Out of shame and mistakes has come the need to reconstruct myself into a far better person than I was before sitting next to convicts in a courtroom who had done more than one night in jail.

So I don’t hide my age, my scars, my mistakes and discoveries along the wAy. And I allow myself to speak openly of the repeated disappointment of one friend because you are supposed to pick up the best from who you are around and better yourself because of it. She is an anomaly and someone who is missing out remarkably on who she could be but chooses not to try for.

I am grateful 5 years later. I have depressive episodes that can be scary but so far, I have all of my people and the pieces they drop in which help me reconnect myself to at least be able to float or tread water until I can embark on another joyful swim where I do spend the majority of my mental time.

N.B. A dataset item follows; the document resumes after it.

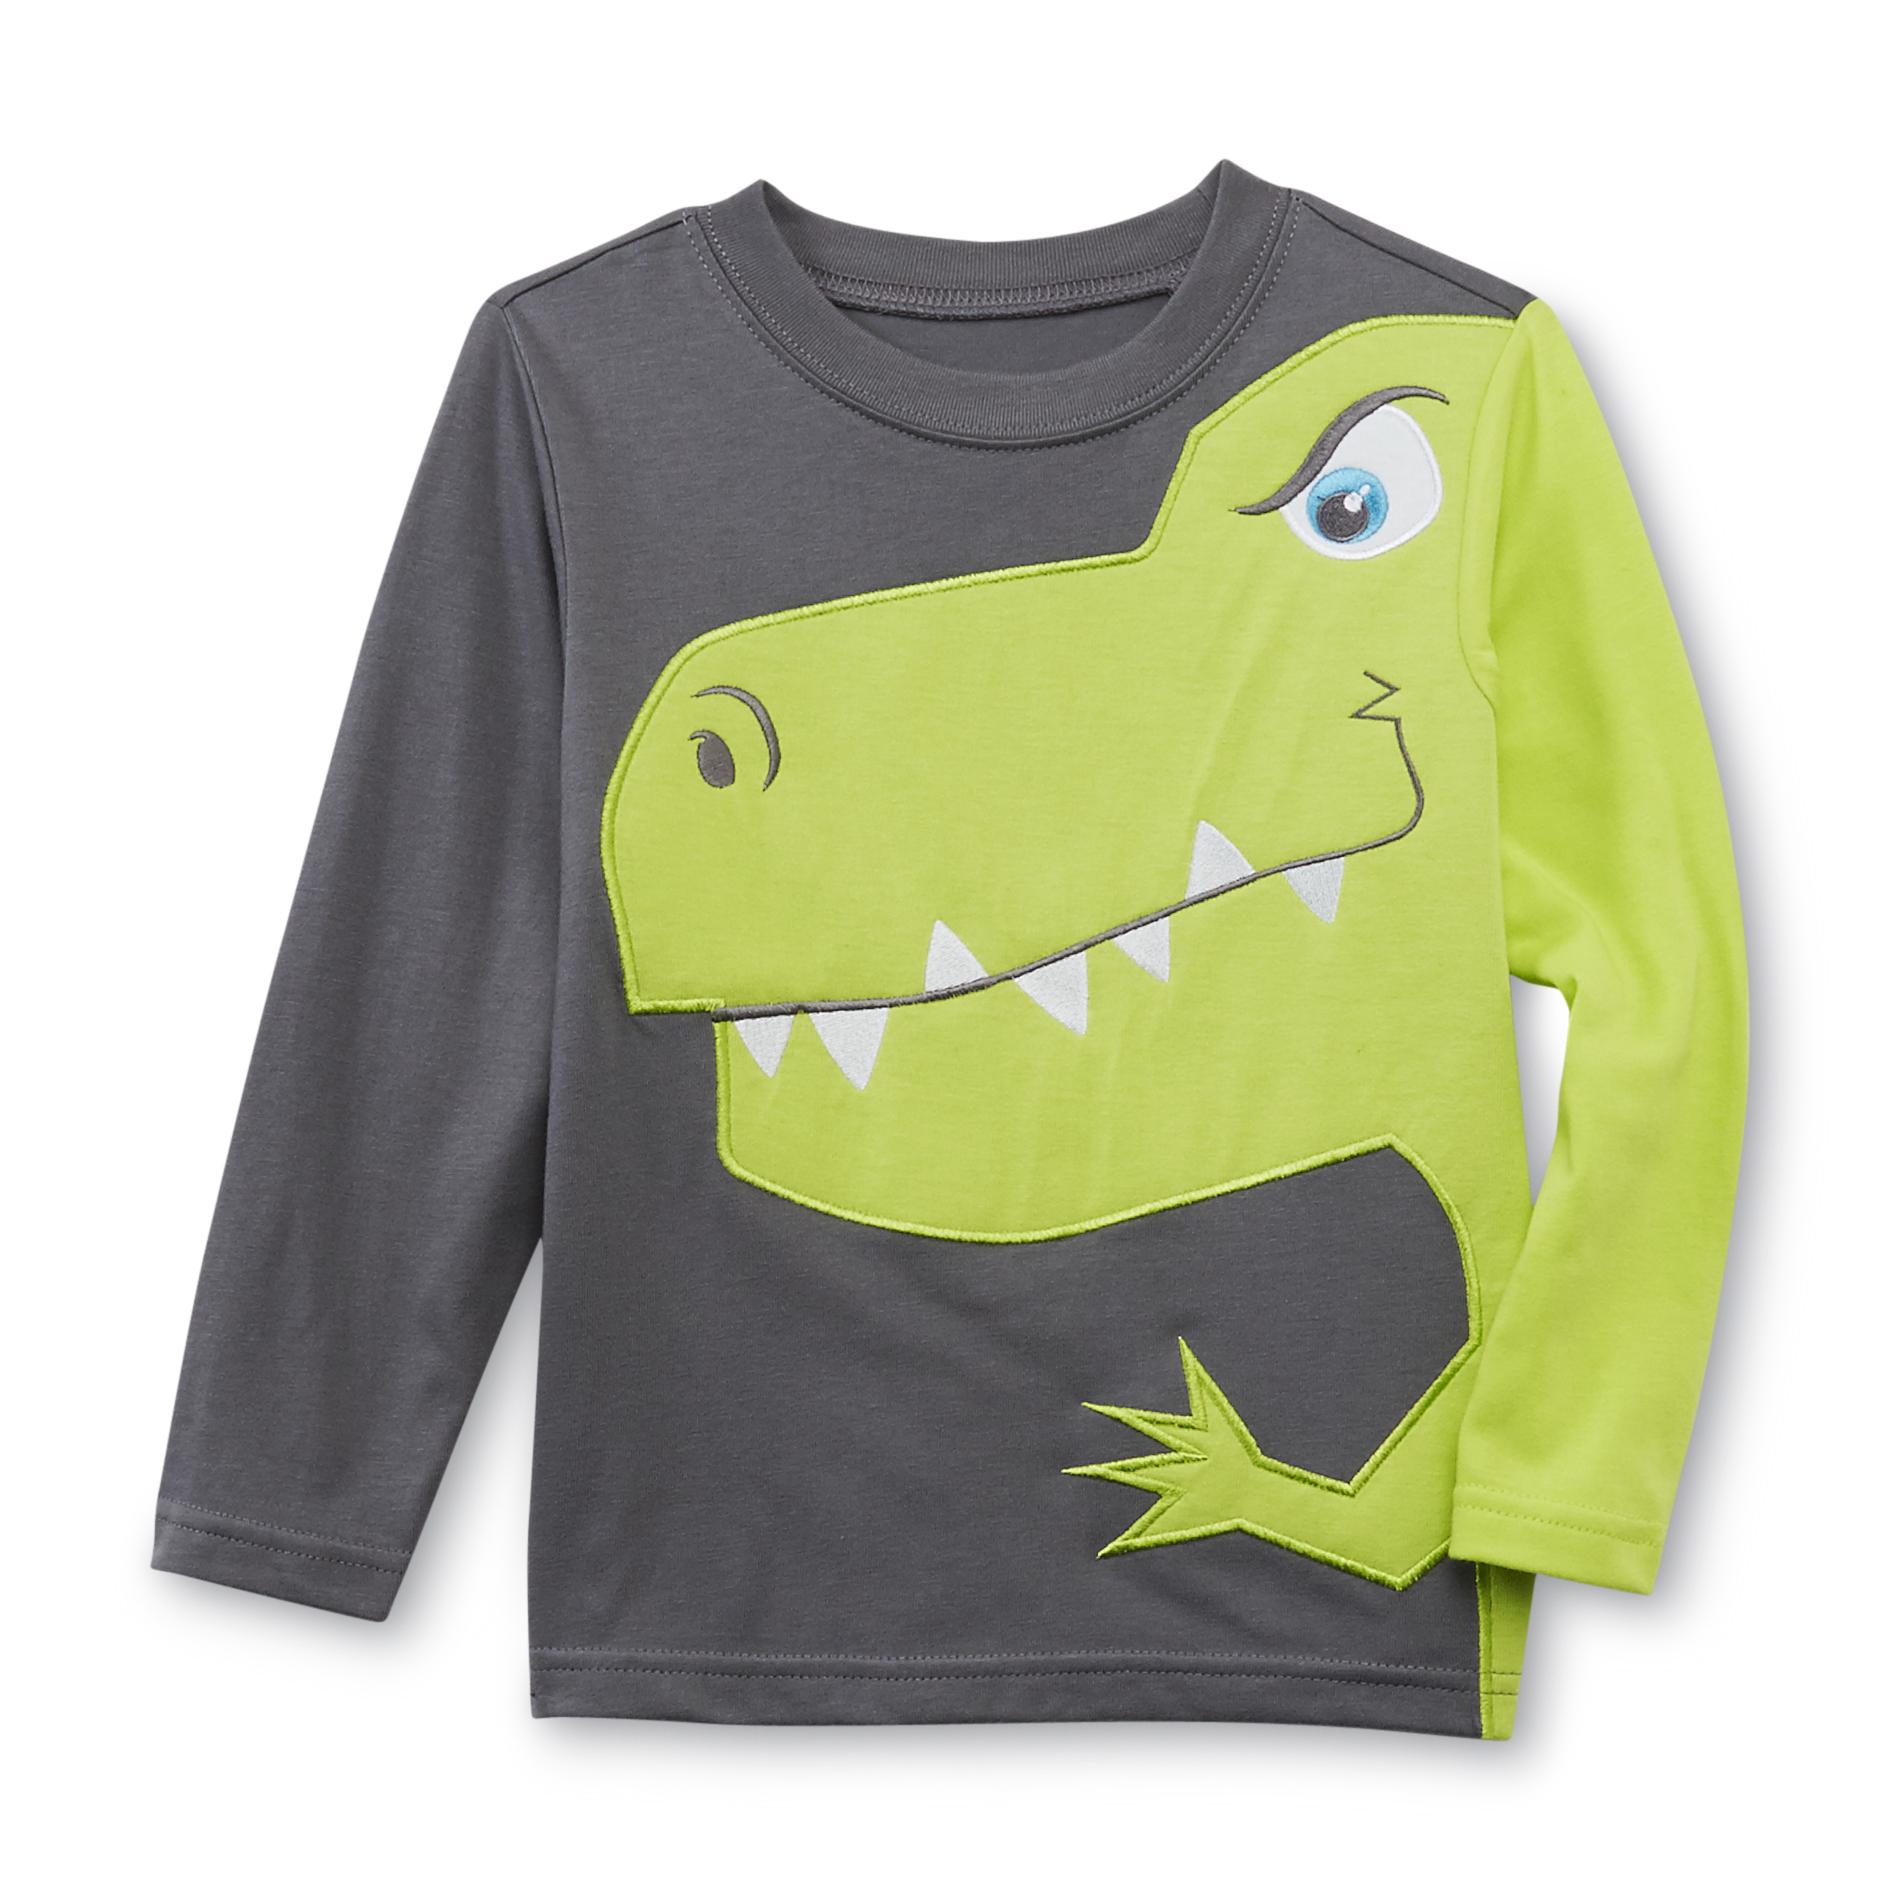 WonderKids Infant & Toddler Boy's Long-Sleeve Applique T-Shirt - Dinosaur

I have lost 3 people in the past 4 years. In the past 5 years, I could so easily have been one of them. The gift of another birthday… another day on the beach complaining about tourists or that my parents want to be in a restaurant with me today before I even want to get off the beach is a gift. Know that beyond all my bitching and moaning and social activism is a very present person fully aware of all my blessings assuming you know that and don’t have to remind me.

It’s a beautiful day and I am here to enjoy it. I deserve to enjoy it. I am still a good person if I admit that I deserve good in life. We all do. I am no exception just because of my mistakes. It’s just a faulty brain I have, not a faulty heart, not a faulty soul.